UH Roe Green Center for Travel Medicine & Global Health Celebrates Excellence

From a young age, Roe Green has loved international travel and often visited UH for travel medicine services to stay healthy overseas. Today, having visited 165 countries, she considers herself a citizen of the world with a rich appreciation for different cultures and peoples.
This passion inspired Roe to make a significant gift to UH in 2014, supporting and naming the UH Roe Green Center for Travel Medicine. Five years later, she increased the size and scope of her investment to benefit global health via the expanded UH Roe Green Center for Travel Medicine & Global Health — bringing her total giving to nearly $15 million.
Throughout, she worked closely with UH caregivers, particularly the late Robert Salata, MD, the visionary, inaugural director of the UH Roe Green Center
“The synergy and friendship between Roe and Dr. Salata was foundational to the center,” said Keith Armitage, MD, Medical Director, UH Roe Green Center for Travel Medicine & Global Health; Robert A. Salata, MD, Chair in Infectious Diseases. “Her interest in travel and adventure coincided with our existing travel clinic, and her first gift gave us the ability to build on that and offer innovative services like telehealth travel medicine. And her subsequent support allows us to play a role internationally in terms of global health innovation, education and clinical outcomes.”
Advancing Global Health Education

Today, the UH Roe Green Center’s global health efforts focus on the bilateral exchange of information and expertise, supporting UH clinicians as they travel around the globe to gain, share and apply knowledge. It also encourages international leaders and trainees to visit UH for instruction and collaboration.
A defining feature of the UH Roe Green Center is its support of UH clinicians with an interest in global health. Each year, a class of Roe Green Global Health Scholars receives funding for international travel, education and outreach.
“Being a Roe Green Scholar has allowed my overseas work to be an integral part of my career,” said obstetrician/gynecologist, Rachel Pope, MD, MPH, UH Urology Institute. Dr. Pope is one of just a few physicians trained in obstetric fistula repair, a procedure to correct the childbirth injury that occurs when a woman is unable to have a cesarean section. “The skills I have are very specialized, so being able to provide these surgeries to women in sub-Saharan Africa and also teach physicians there how to do it is only possible because of Roe.”
Beyond on-the-ground clinical care and training, Dr. Pope has used her scholarship funds to create an app to assist with obstetric fistula repair surgery education. The new technology will be available later this year.

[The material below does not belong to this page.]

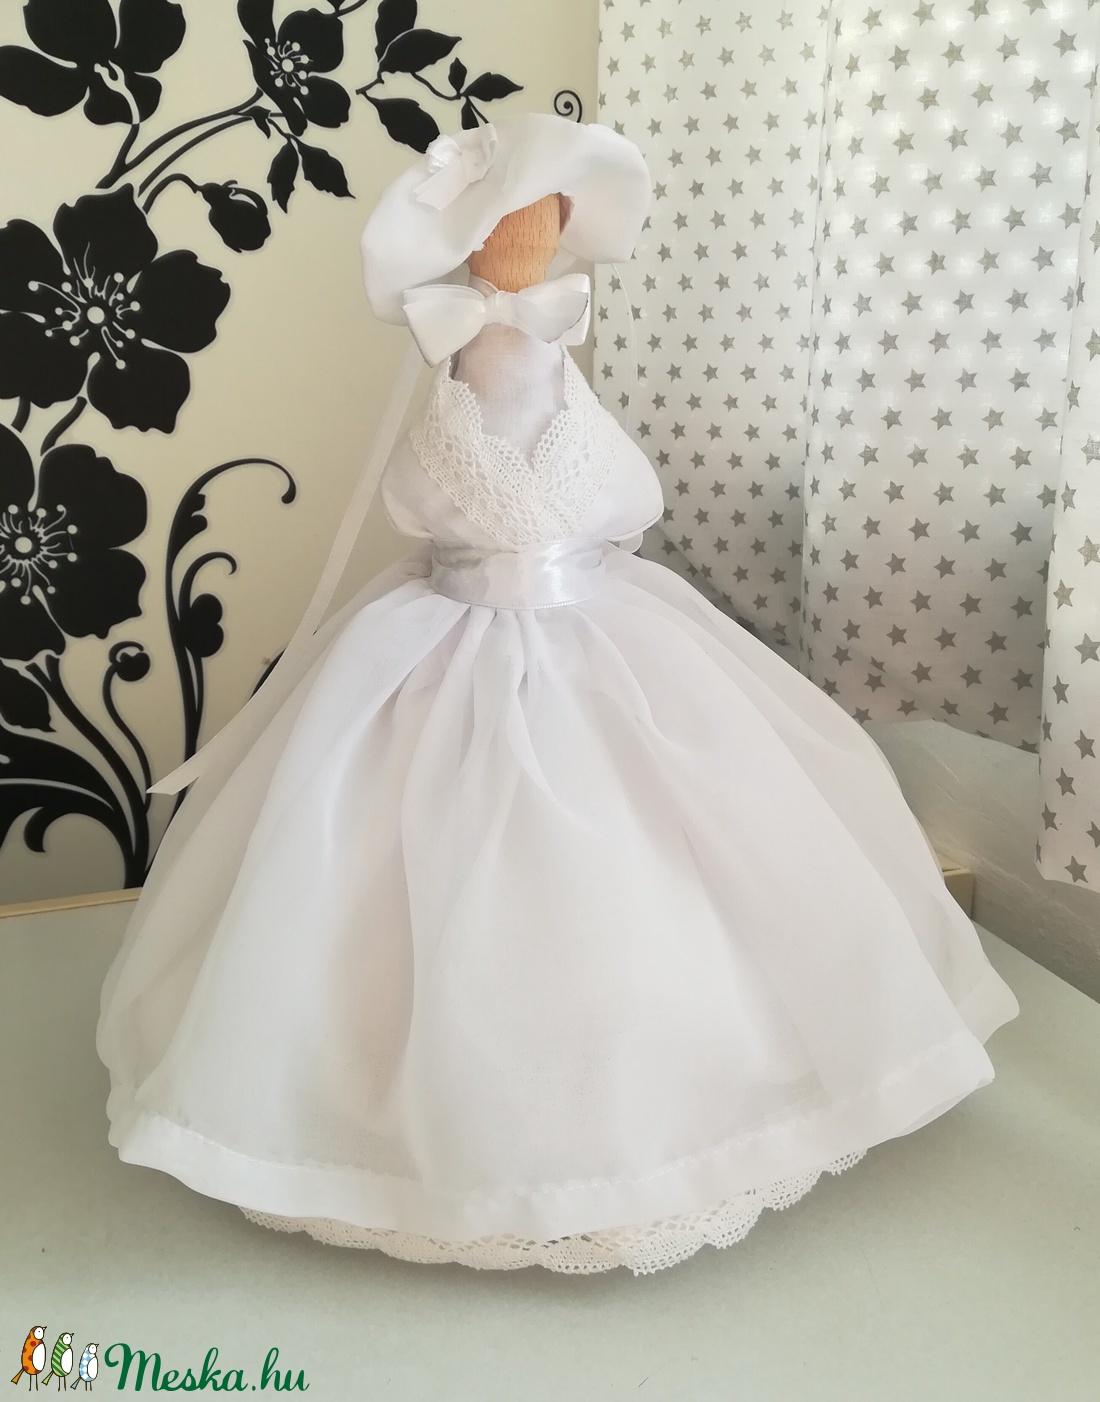 Próba baba - esküvő - dekoráció - asztaldísz - Meska.hu

Leonardo Kayat Bittencourt, MD, PhD, Vice Chair for Innovation at UH, learned about the UH Roe Green Center early in his recruitment. “During the interview process, Dr. Salata explained the center and how my involvement with technology and artificial intelligence could help foster innovation on a global scale. I accepted the offer and immediately became a part of a community that supported and empowered me – it was an incredible confidence boost!”
Dr. Bittencourt has used his Roe Green Scholar grant award to meet with leading, international tech companies and to build UH’s RadiCLE program, which promotes novel use of AI within the health system.
Leading Through a Pandemic
For nearly 40 years, UH has worked alongside Case Western Reserve University in Uganda to help bring down rates of tuberculosis, HIV and a variety of non-communicable diseases. Roe has made several trips to the area with Dr. Salata and other UH physicians over the years, witnessing the work to improve health outcomes firsthand.
Knowledge learned there had a global impact when the COVID-19 pandemic struck in 2020, leaving people around the world with more questions than answers. National, regional and local media turned to Drs. Salata and Armitage at the UH Roe Green Center for Travel Medicine & Global Health for guidance.
“COVID-19 was unique with rapidly evolving and changing information. As leaders in infectious diseases, we were able to serve as trusted resources throughout the pandemic,” said Dr. Armitage.
“It was a rewarding experience to apply our decades of global health learnings and insights and help educate the public as the pandemic unfolded.”
A Lasting Legacy
“The world has gotten smaller and information travels faster,” Roe said. “Diseases travel faster as well. We have a responsibility to be aware of what is happening globally, so when a virus like COVID spreads across the globe, we are better positioned to address it and potentially save lives.”
“Roe’s support allows us to make a difference globally,” said Dr. Armitage. “Her involvement and oversight keep us striving to do our best and to make meaningful contributions.”
In just a decade, the UH Roe Green Center for Travel Medicine & Global Health has had a tremendous impact for patients here and beyond, with ripples that will endure for generations. “Roe’s legacy is two-fold,” said Dr. Armitage. “It’s the knowledge that people can travel safely, relying on the UH Roe Green Center for Travel Medicine & Global Health for the best preventative travel medicine available. And it’s in the careers of all the young doctor’s she has supported and what they’ve gone on to do to improve health around the world.”